- Education: Georgia Institute of Technology, Oberlin College
- Known for: human-computer interaction, ubiquitous computing, assistive technology, sustainability
- Awards: Sloan Fellowship, IBM Faculty Fellowship
- Scientific career
- Fields: Human-Computer Interaction, Ubiquitous Computing, Assistive technology, Human-Centered Computing
- Workplaces: Carnegie Mellon University University of Washington
- Doctoral advisor: Gregory Abowd, Scott Hudson
- Doctoral students: Tawanna Dillahunt

= Jennifer Mankoff =

American computer scientist

Jennifer Mankoff is the Richard E. Ladner Endowed Professor and Associate Director for Diversity and Inclusion in the Paul G. Allen School of Computer Science & Engineering at the University of Washington, in Seattle, where she joined the faculty in 2017.
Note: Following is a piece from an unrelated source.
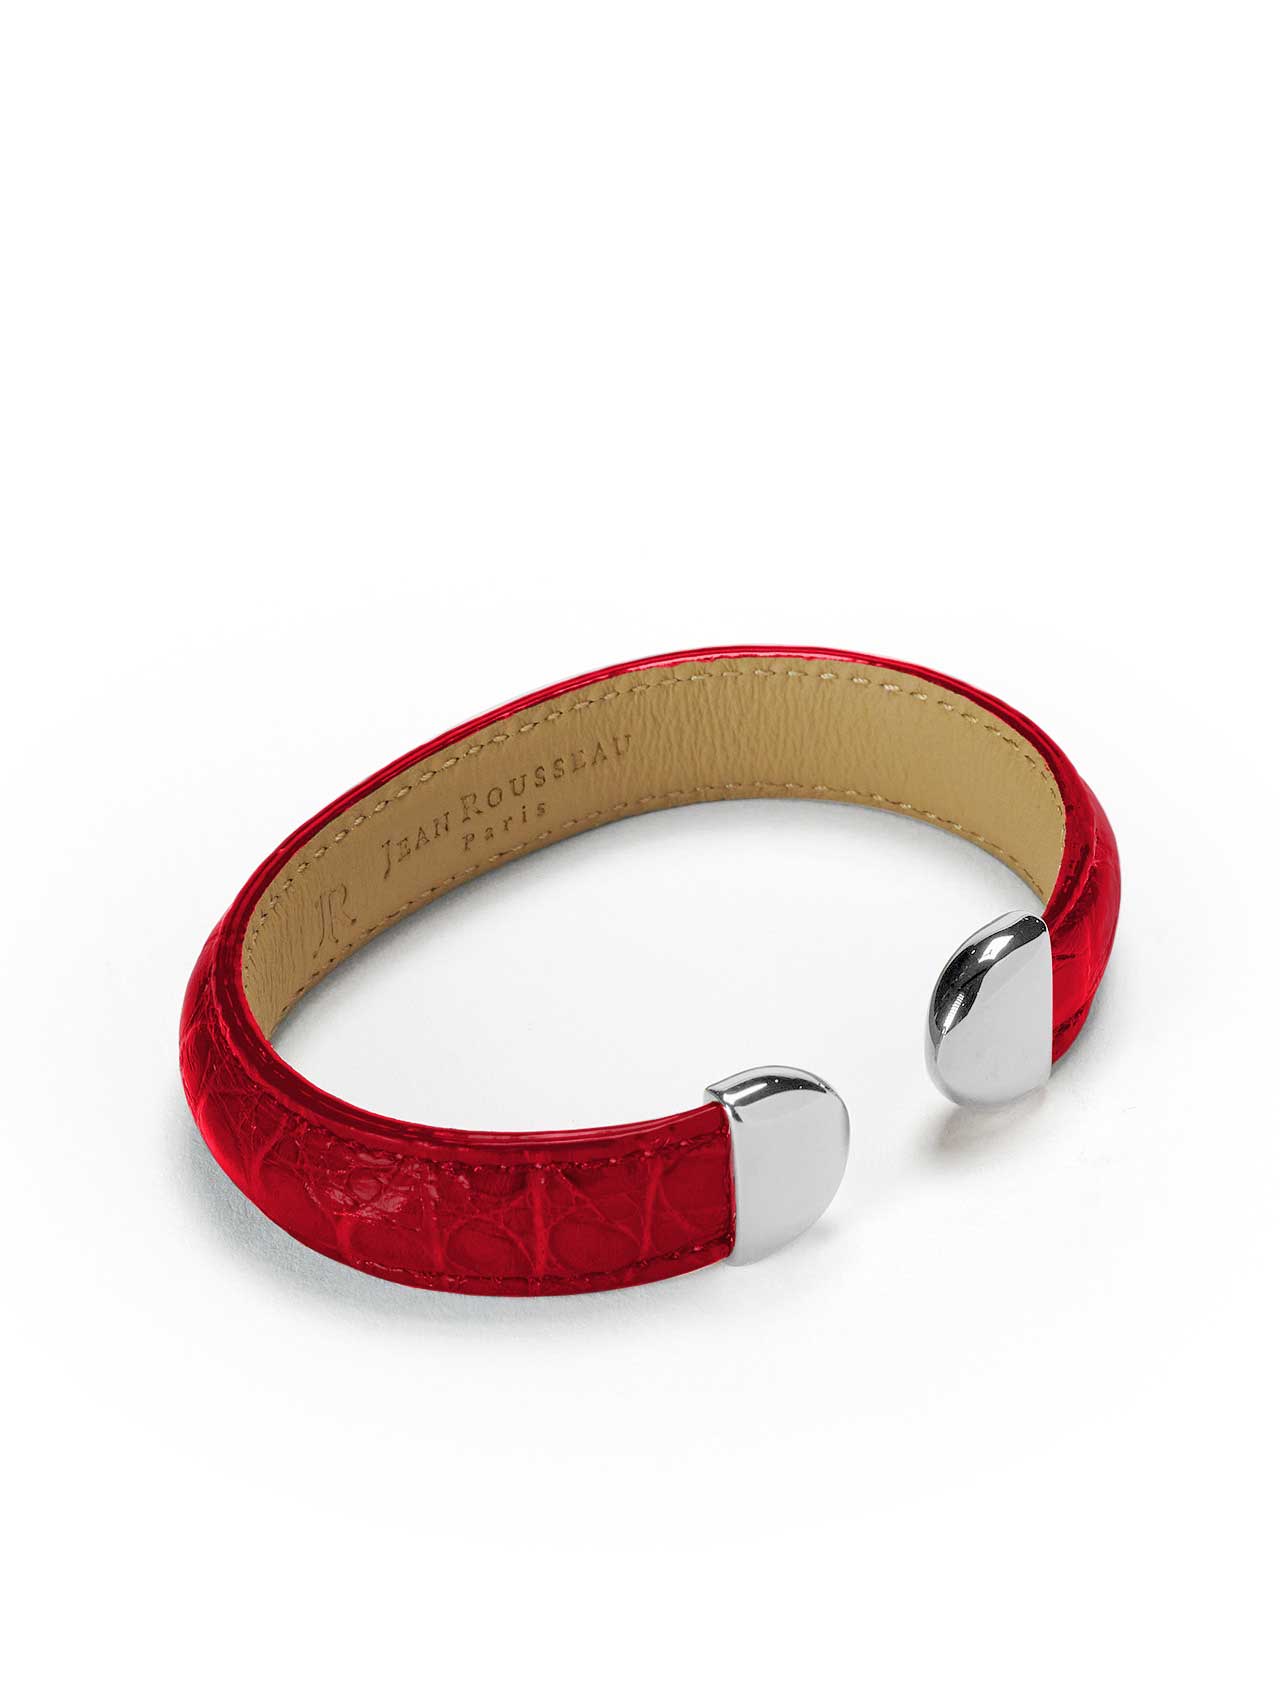 bracelet red leather jean rousseau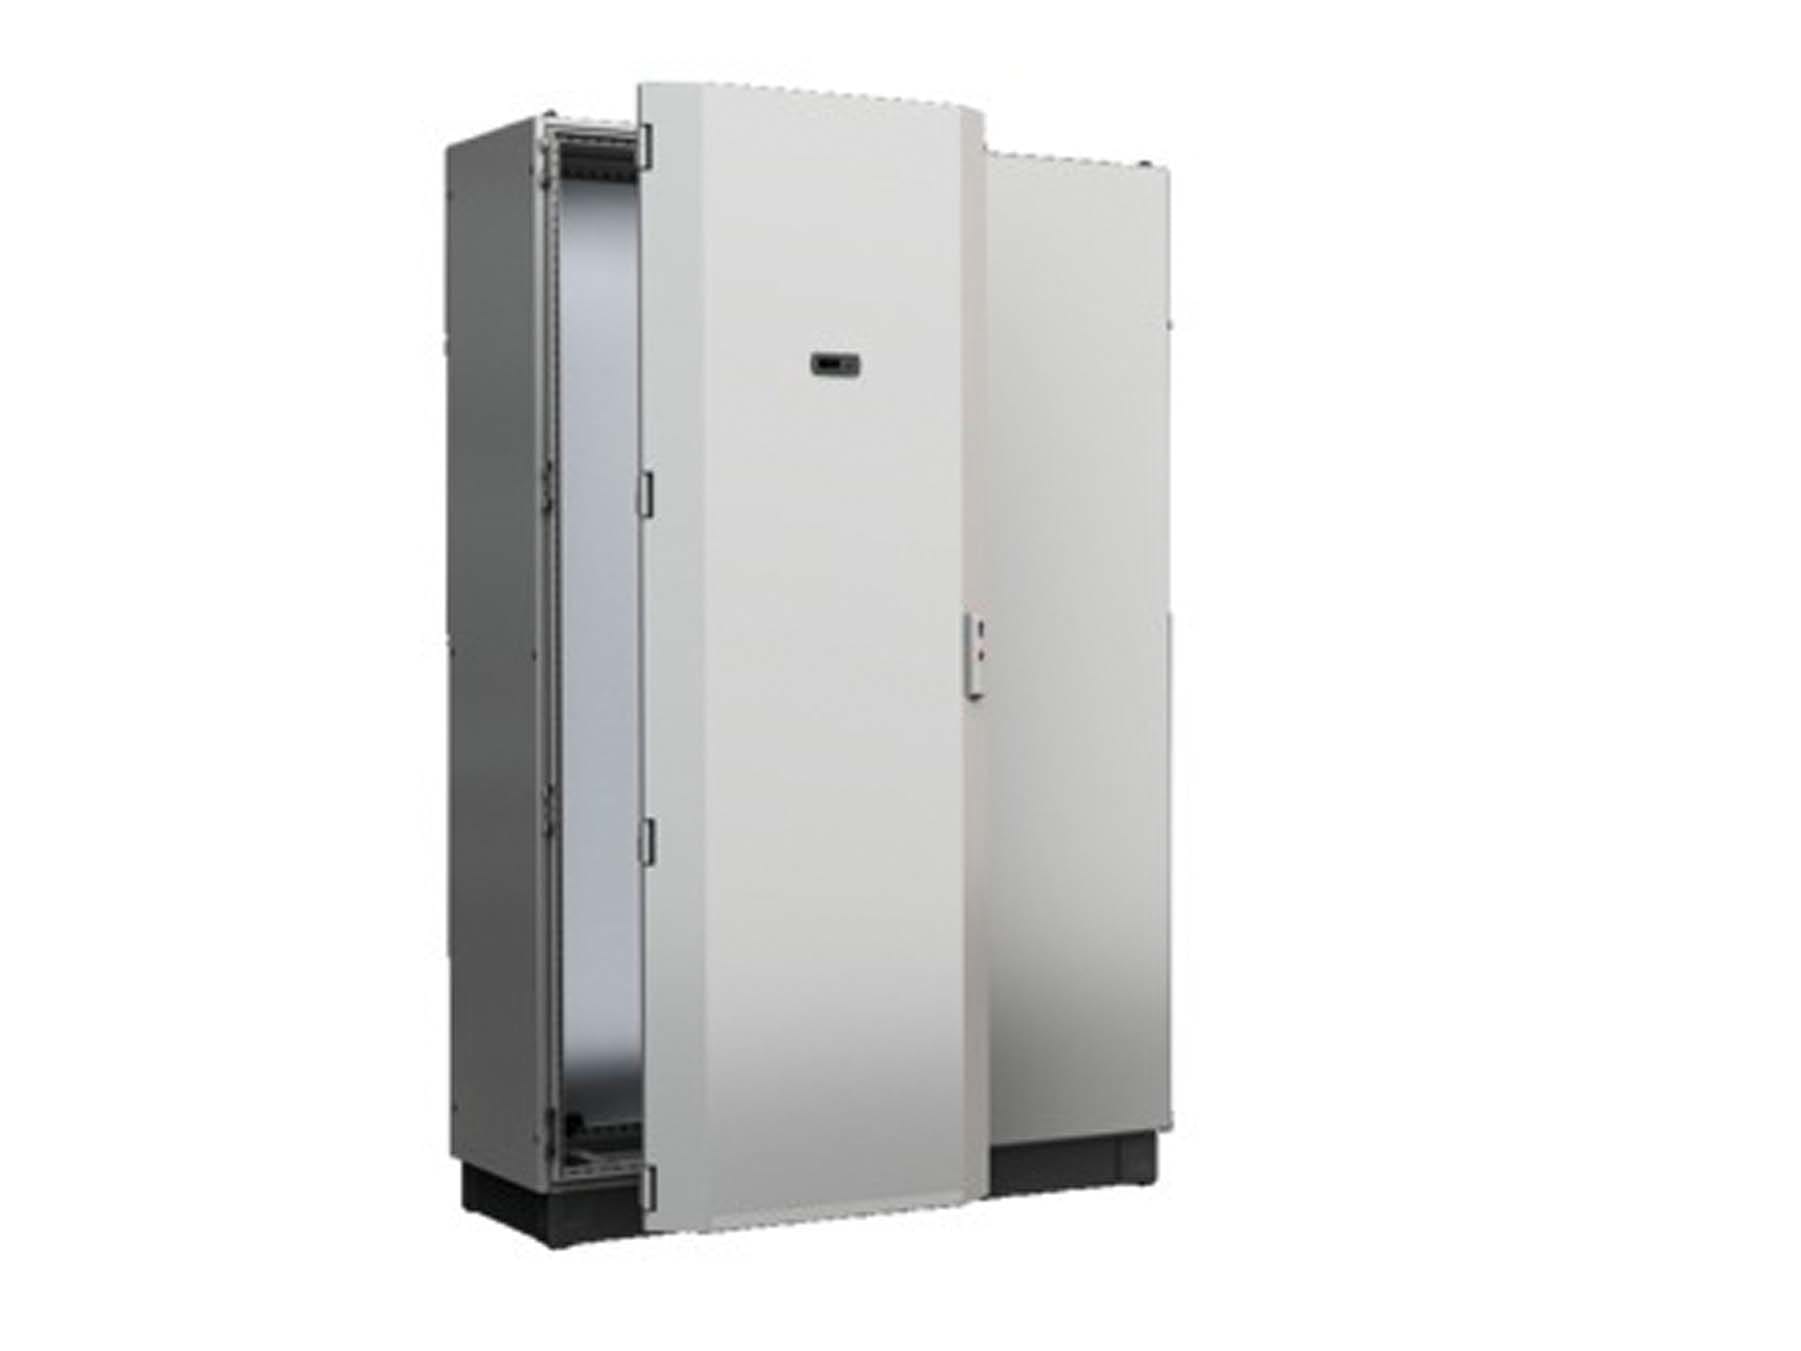 Rittal - Porte climatisée 800x2000 - VX25 - pour le montage de modules de refroidissement

==Early life and education==
Mankoff earned her B.A. at Oberlin College and her Ph.D. in computer science at the Georgia Institute of Technology advised by Gregory Abowd and Scott Hudson.

==Career==
Mankoff was a professor in the Human-Computer Interaction Institute of the School of Computer Science at Carnegie Mellon University between 2004 and 2017. She was previously a faculty member in the Department of Electrical Engineering and Computer Science at the University of California, Berkeley between 2001 and 2004. Her research work focuses on tools and techniques for rapid, iterative prototyping of ubiquitous computing applications and accessible technology for people with disabilities.

Her research interests also include mediation of ambiguous, recognition-based interfaces. Application areas of her work include assistive technology for people with special needs and the elderly, health and safety, and technologies that promote sustainability. Mankoff has authored and co-authored over 45 full-length, significant scientific publications. She was awarded the Sloan Fellowship in 2007 and the IBM Faculty Fellowship in 2004 and 2006.

== Selected publications ==
- Woodruff, A. and Mankoff, J. 2009. Environmental Sustainability. IEEE Pervasive Computing 8, 1 (Jan. 2009), 18-21.
- Froehlich, J., Dillahunt, T., Klasnja, P., Mankoff, J., Consolvo, S., Harrison, B., and Landay, J. A. 2009. UbiGreen: investigating a mobile tool for tracking and supporting green transportation habits. In Proceedings of CHI '09.
- Carter, S. J. Mankoff and J. Heer, "Momento: Support for situated ubicomp experimentation," In Proceedings of CHI 2007.
- Mankoff, J. D. Matthews, S. R. Fussell and M. Johnson, "Leveraging Social Networks to Motivate Individuals to Reduce their Ecological Footprints," Proceedings of HICSS 2007.
- Mankoff, J., Fait, H., and Tran, T. Is your web page accessible? A comparative study of methods for assessing web page accessibility for the blind. In Proceedings of CHI 2005. 41-50.
- Carter, S. and J. Mankoff, "When Participants do the capturing: The role of media in diary studies," In Proceedings of CHI 2005 pp. 899–908. Nominated for best paper award.
- Mankoff, D., A. Dey, J. Mankoff, and K. Mankoff. Supporting Interspecies Social Awareness: Using Peripheral Displays for Distributed Pack Awareness. In Proceedings of UIST 2005. pp. 253–258. Satire.